There are planting & seasonal garden care tips at the end of the book.
As a novice gardener I'm glad that I found this book to help me create a continuously blooming garden.

The best of its kind5
This superb reference distinguishes itself by its organization, unusual plant selections, excellent plant pictures and thorough cross-referencing. The format is simplicity itself, by showing by month which outstanding plants bloom in that period and what other plants combine particularly well with it. Ms Duthie adds tips and insights that show she knows of which she speaks. Several appendices round out the book.
As a landscape design professional, I have many books on planting design in my library. This is one of the very best, appropriate for both the novice and the experienced gardener.
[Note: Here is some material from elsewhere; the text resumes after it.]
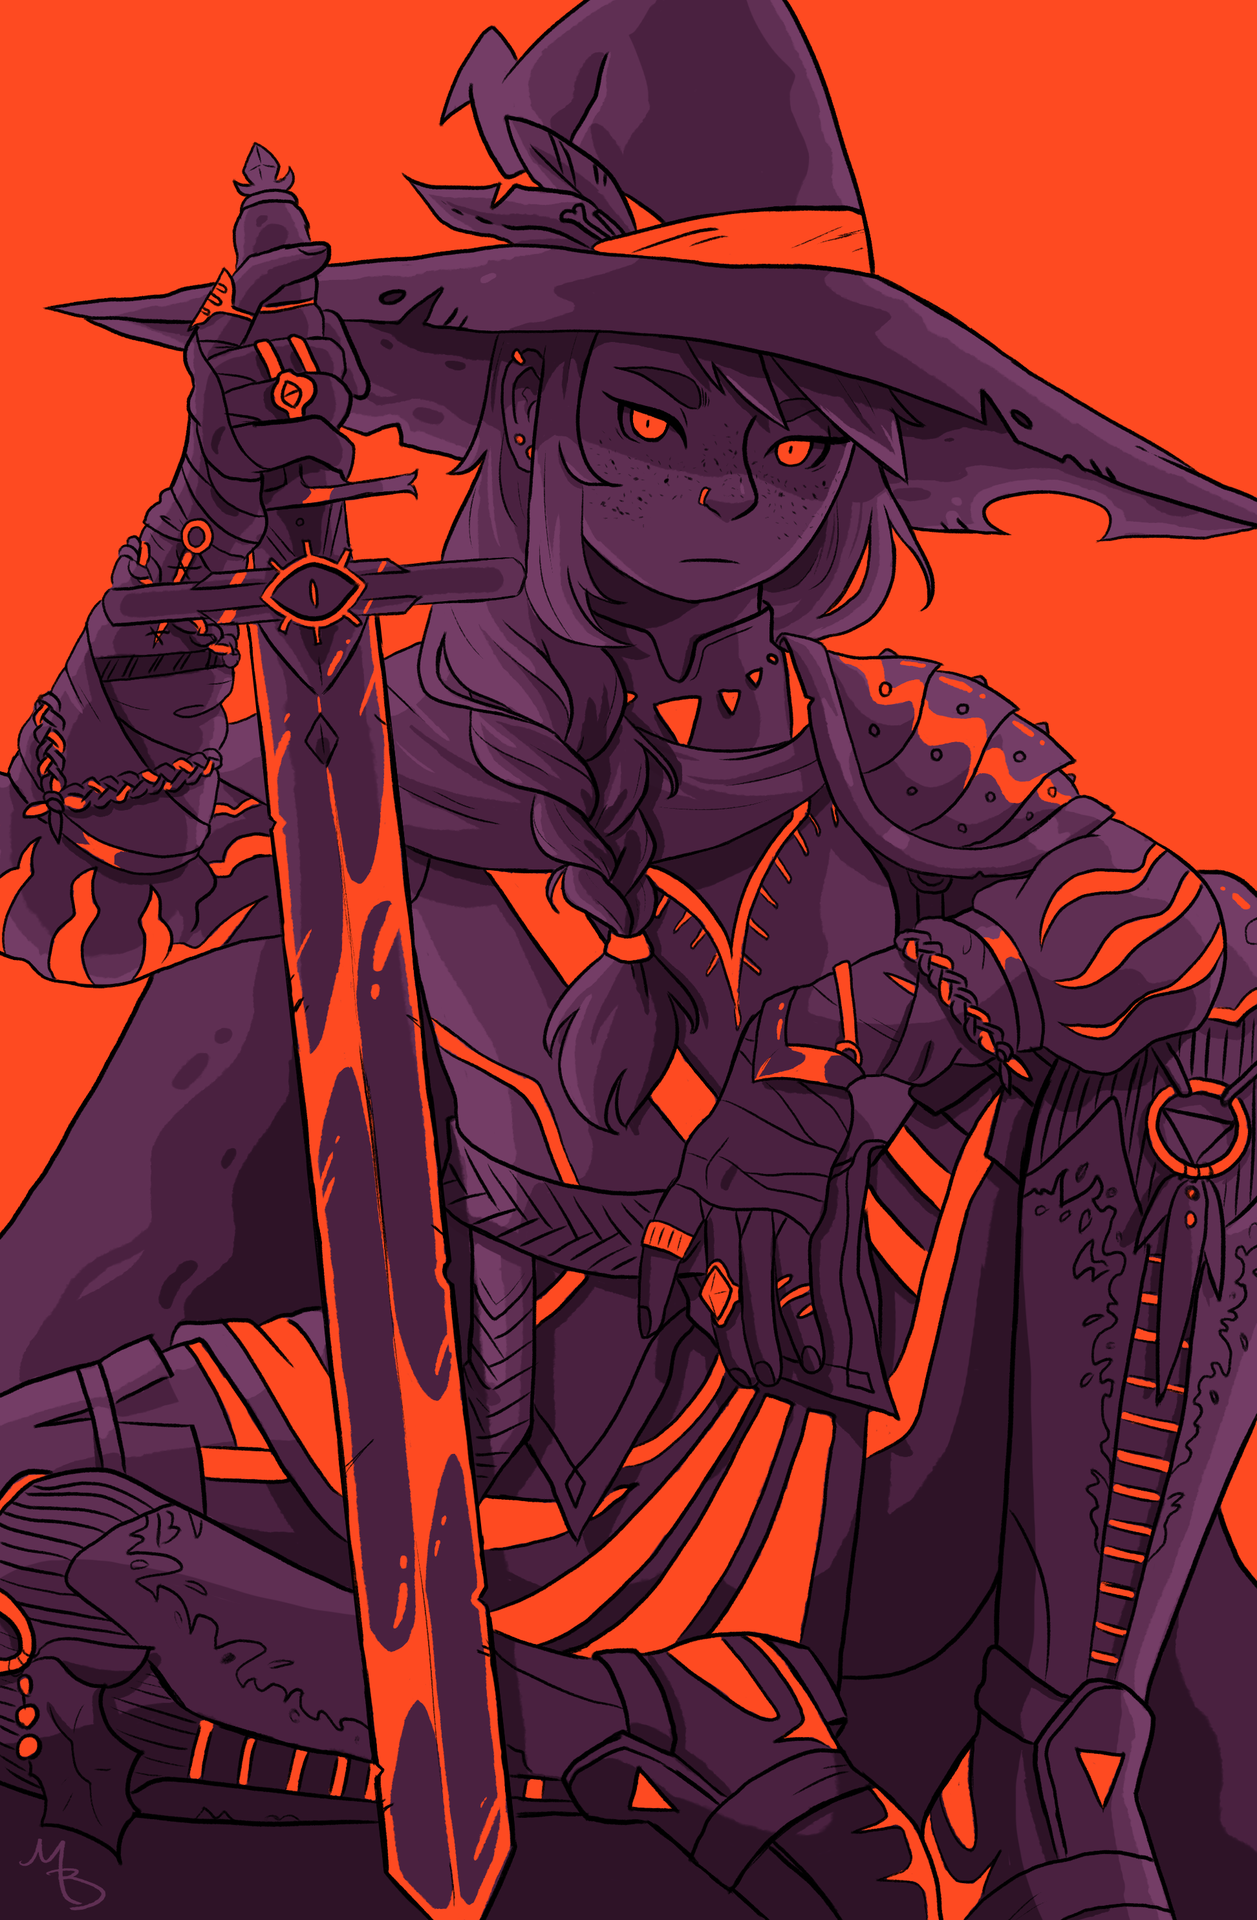 ᕦ(ò óˇ)ᕤ Photo (With images) Autumn witch, Illustration
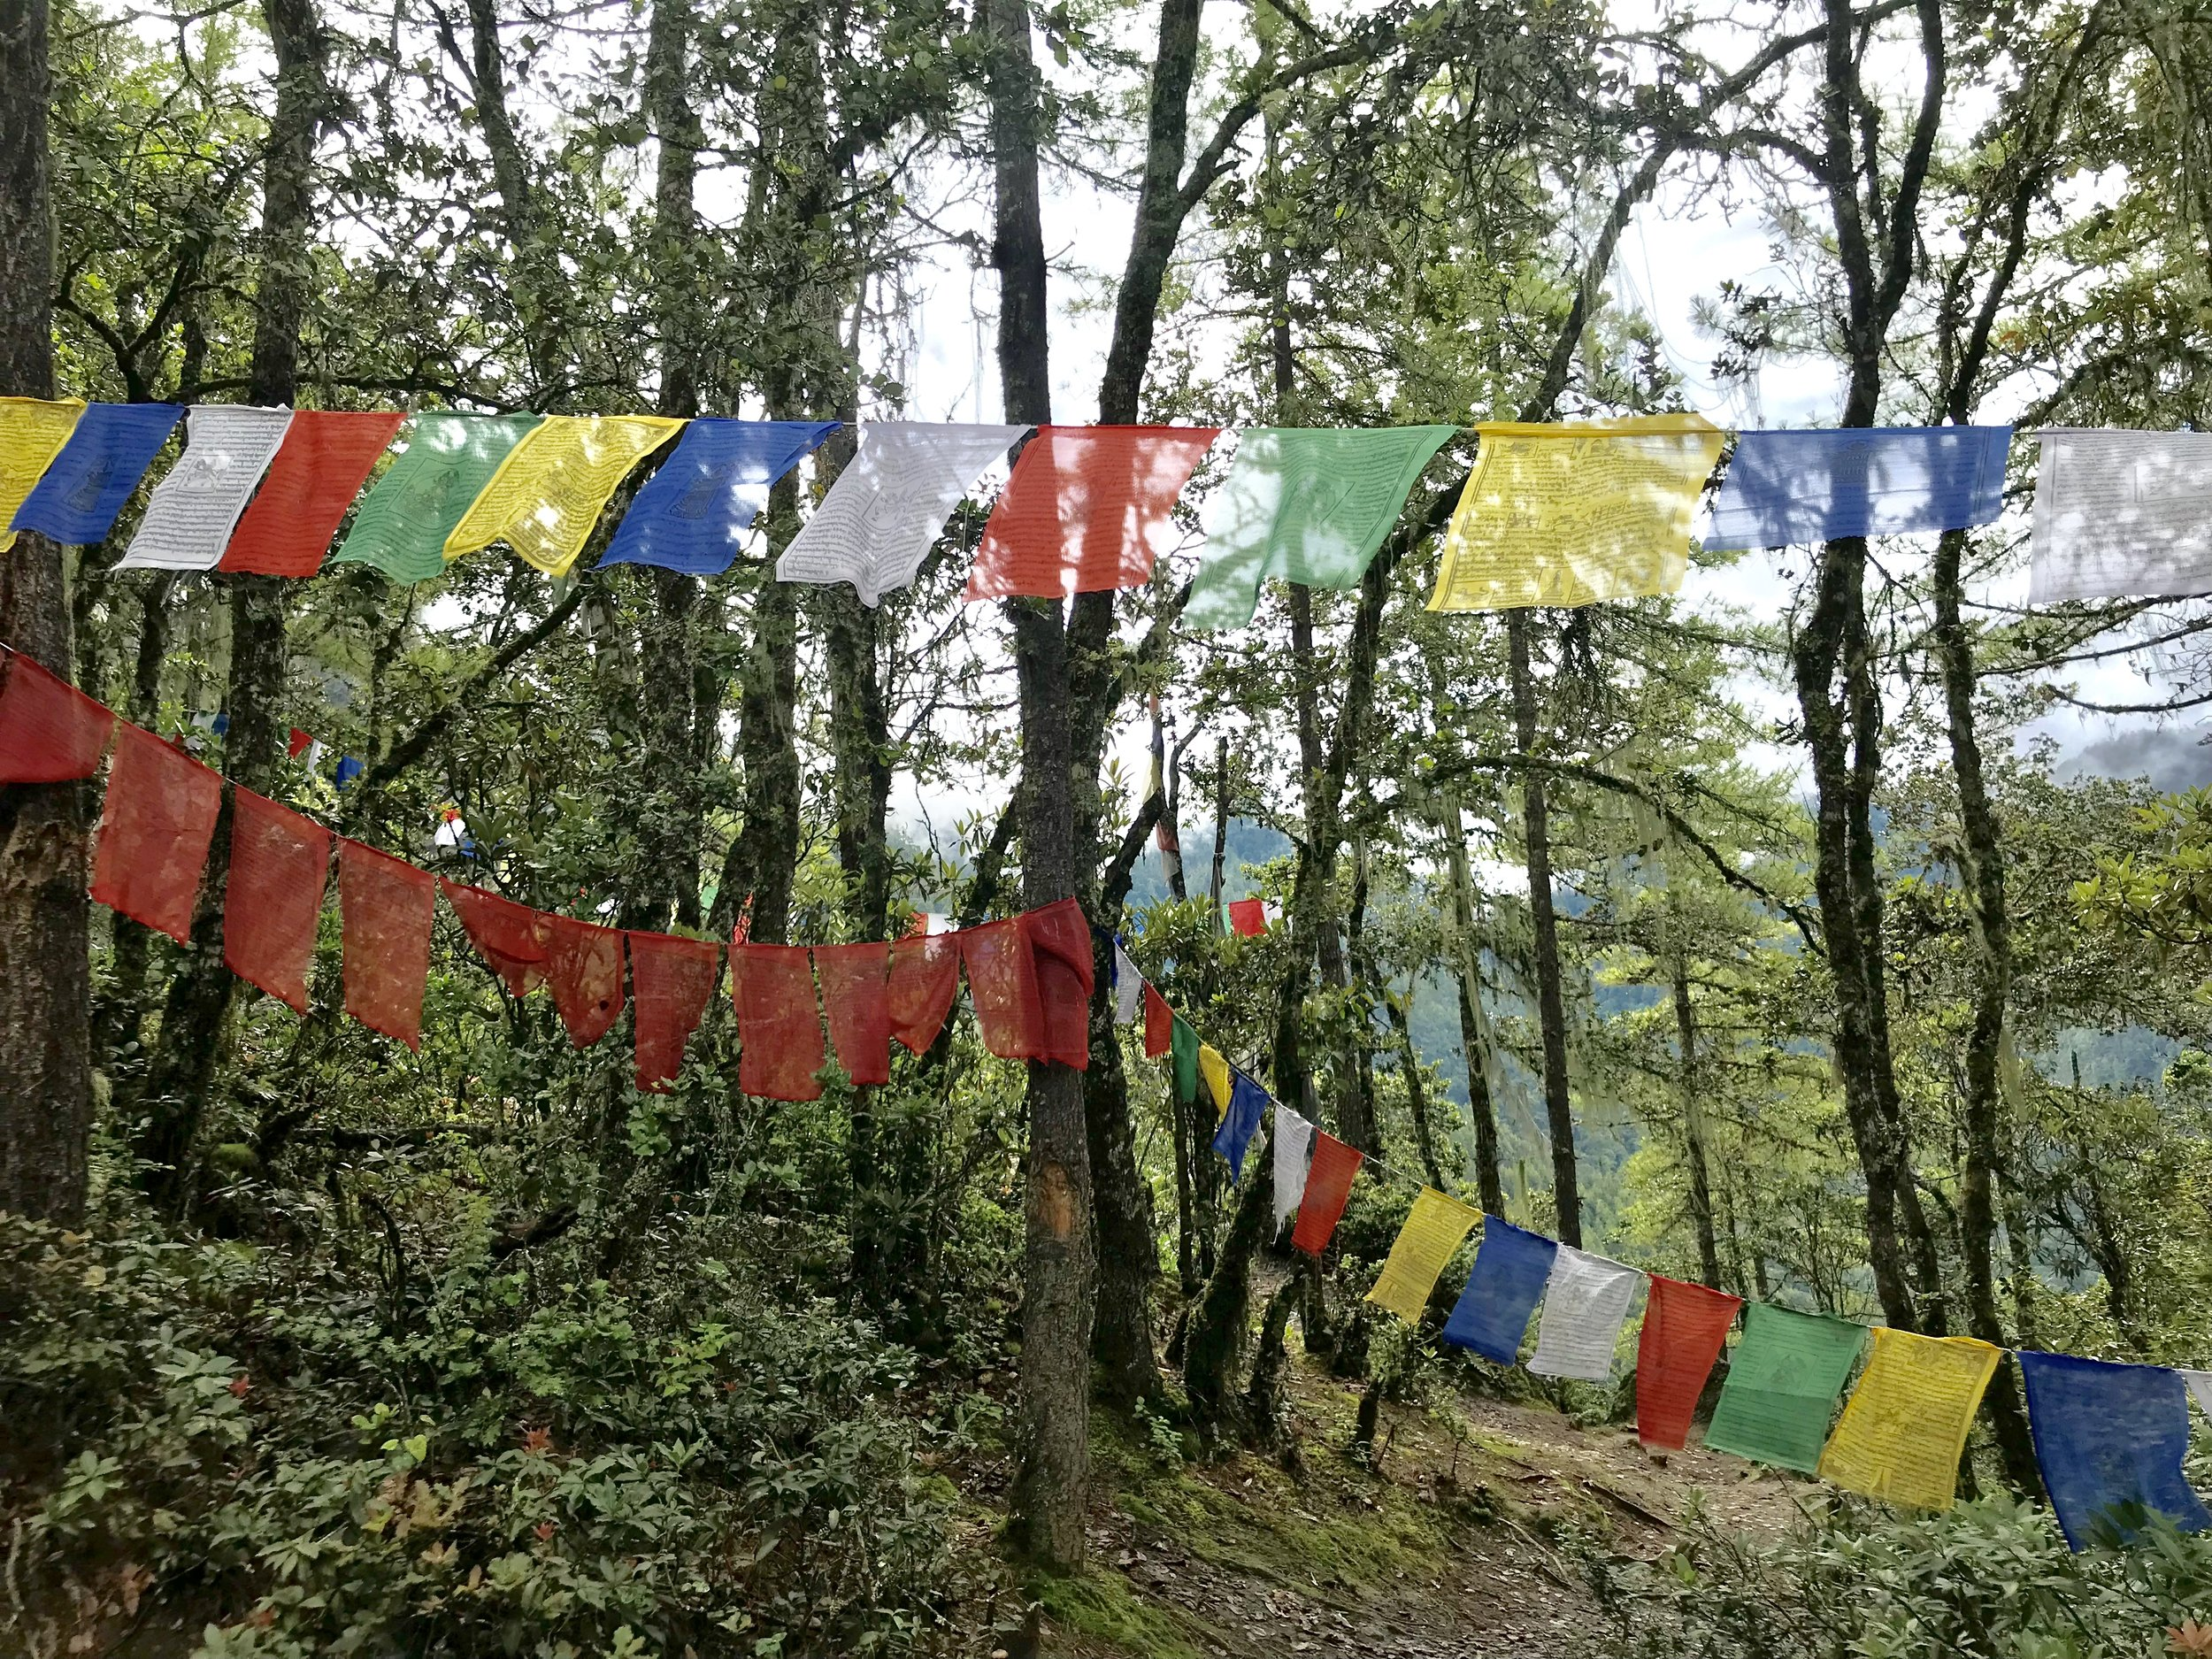 Image author's own, Paro. Bhutan.

Beautifully done - exceeded my expectations5
I have several gardening books that I enjoy, but this is the first one to immediately impress me. I think this book could also be appropriately titled "Timing is Everything". Most of us have certain times thruout the year when we look at our gardens/landscaping and realize that something is missing... the bloom has gone... That's where this book shines. It takes you from March ("The Emerging Garden") thru November ("The Last Hurrah!"), listing page after page of perennials that show their best at that time of the year. Each plant has its own page, with a beautiful picture. Below the picture is information on plant type, zone, flower, foliage, bloom length, height, width/spacing, light, soil, care, uses, propogation, problems, insider's tips, and combining ("combines with"). The corners of the pages are color-coded for easy reference (i.e. April is yellow, May is green...). Some corners contain a clock icon for those perennials that have "extended bloom times" (i.e. "14-plus weeks..." on page 91), and/or a leaf icon for those that have "notable foliage" (i.e. "Mounds of chocolate-tinged oval leaves" on page 261). This book also includes chapters for Winter ("Who Stops Gardening in Winter?") that talks about "Evaluating and Planning as Part of the Gardening Process", and Tips ("Nitty-Gritty Tips for Good Garden Care") that can be as basic as "The Fifteen-Minute Garden Solution" which "eliminates...spending an entire day on the weekend...". Is this book an all-encompassing enclopedia? No. Does this book contain all there is to know on pruning and training? No. Do these things take away from the book? Emphatically, No. This is a beautifully done book that is a "Month-By-Month Guide" to help us plan, and give us ideas, and fill the voids that occur in our current scheme. It's a book that is so usefull you won't want to put it away, and is so beautiful you'll want to leave it out. This is a book you'll want to get your hands on in any format (hardcover, paperback...), but if you have the chance, get the spiral bound edition. This edition not only looks great, but all the pages are plastic coated for years of handling.